Offshore bondholders were given three options to convert their existing debt into new notes, with the shortest tenor notes having a 70% haircut.
In a stock exchange filing on Sunday evening, Yuzhou said holders of its senior notes and senior perceptual bonds can choose between new notes with a short-term maturity, new notes with medium-term maturities together with new shares of the company, and new notes with long-term maturity.
For short-term notes that have a three-year tenor and carry 6% coupon, every $10 of principal would be converted into $3 of new note for senior note holders.
The 4%-5.5% four- to seven-years medium-term notes would have a conversion of $10 of principal to $7 of new notes and $3 of new shares, while 10-year long-term notes have a one-to-one conversion rate but carry zero coupon.
There are also some credit enhancement packages offered to the short-term and medium-term notes.
Bondholders would receive a 0.2% of early bird consent fee and 0.1% consent fee if they support the restructuring proposal.

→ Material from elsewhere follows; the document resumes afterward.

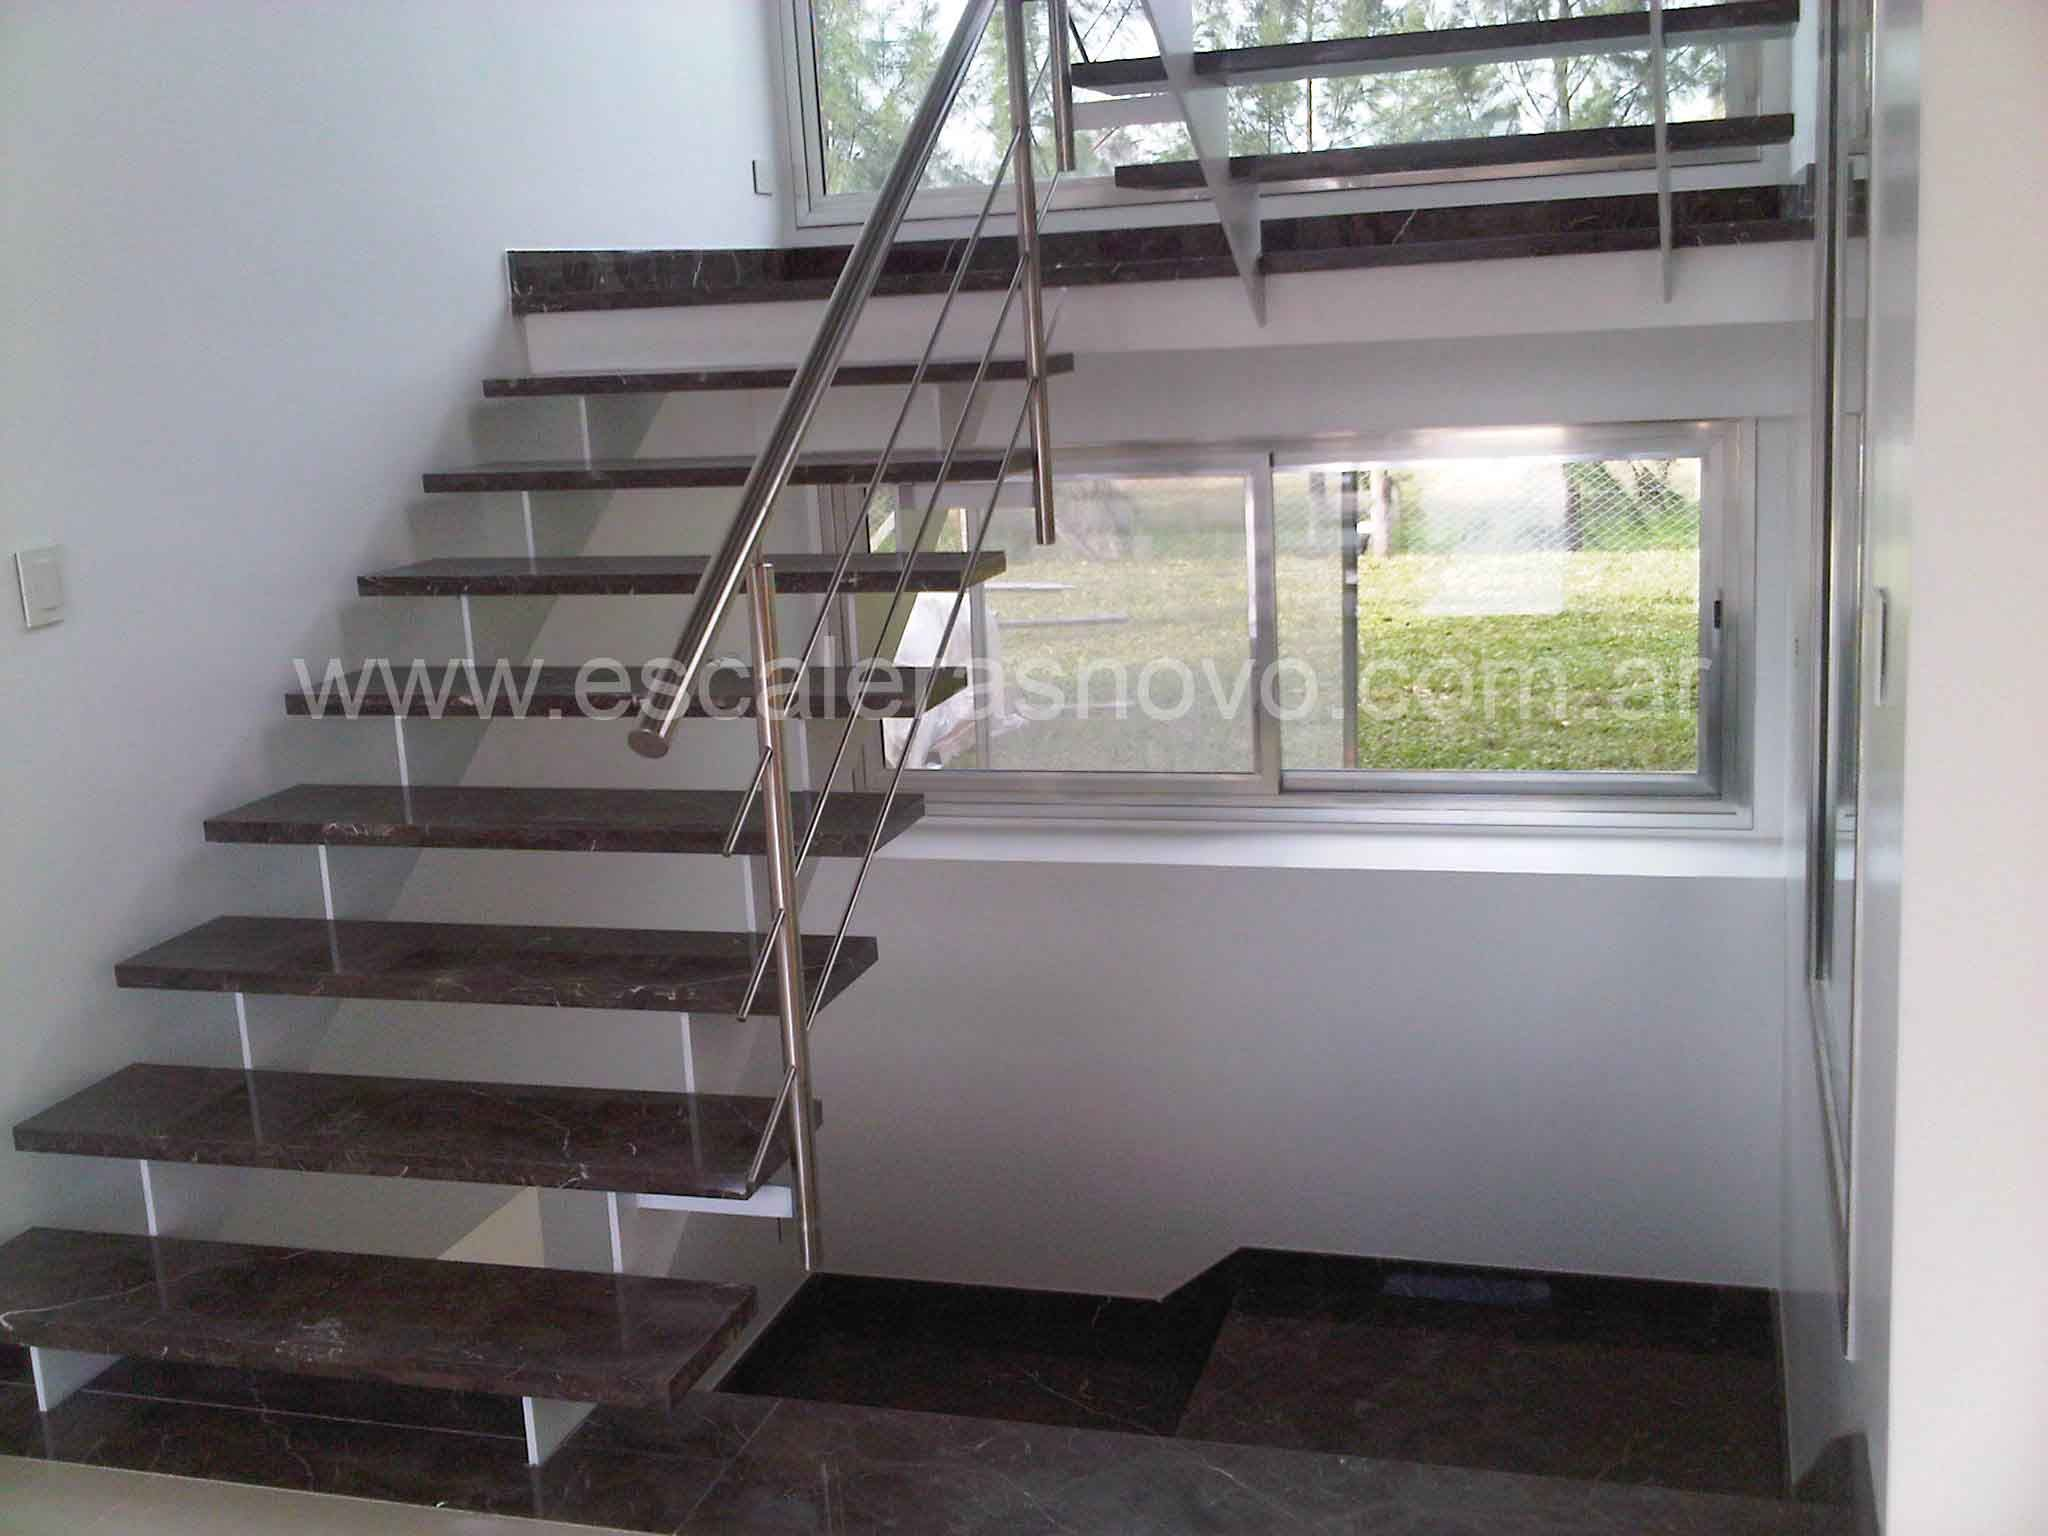 Escalera de marmol con baranda en acero inoxidable - Barandas escaleras modernas ...

Yuzhou’s January 2023 dollar bonds traded at 4.878 cents on the dollar on Monday, compared with 4.295 cents on Friday. Its 5.375% perpetual bond traded at 3.327 cents. The company’s shares soared as much as 11.8% on news of the preliminary debt proposal before declining 2.6% by noon. The shares have lost two-thirds of its value since December.
Yuzhou added the total cash available to service offshore debts is estimated to be between $3.8 billion to $4.6 billion, of which 15-19% are available before 2026.
Alvarez & Marsal, BOCI Asia and Haitong International are Yuzhou’s financial advisers, and Linklaters is its legal adviser.
PJT Partners and Kirkland & Ellis are advisers of the ad hoc group, which represents holders of 29% of outstanding senior note principals.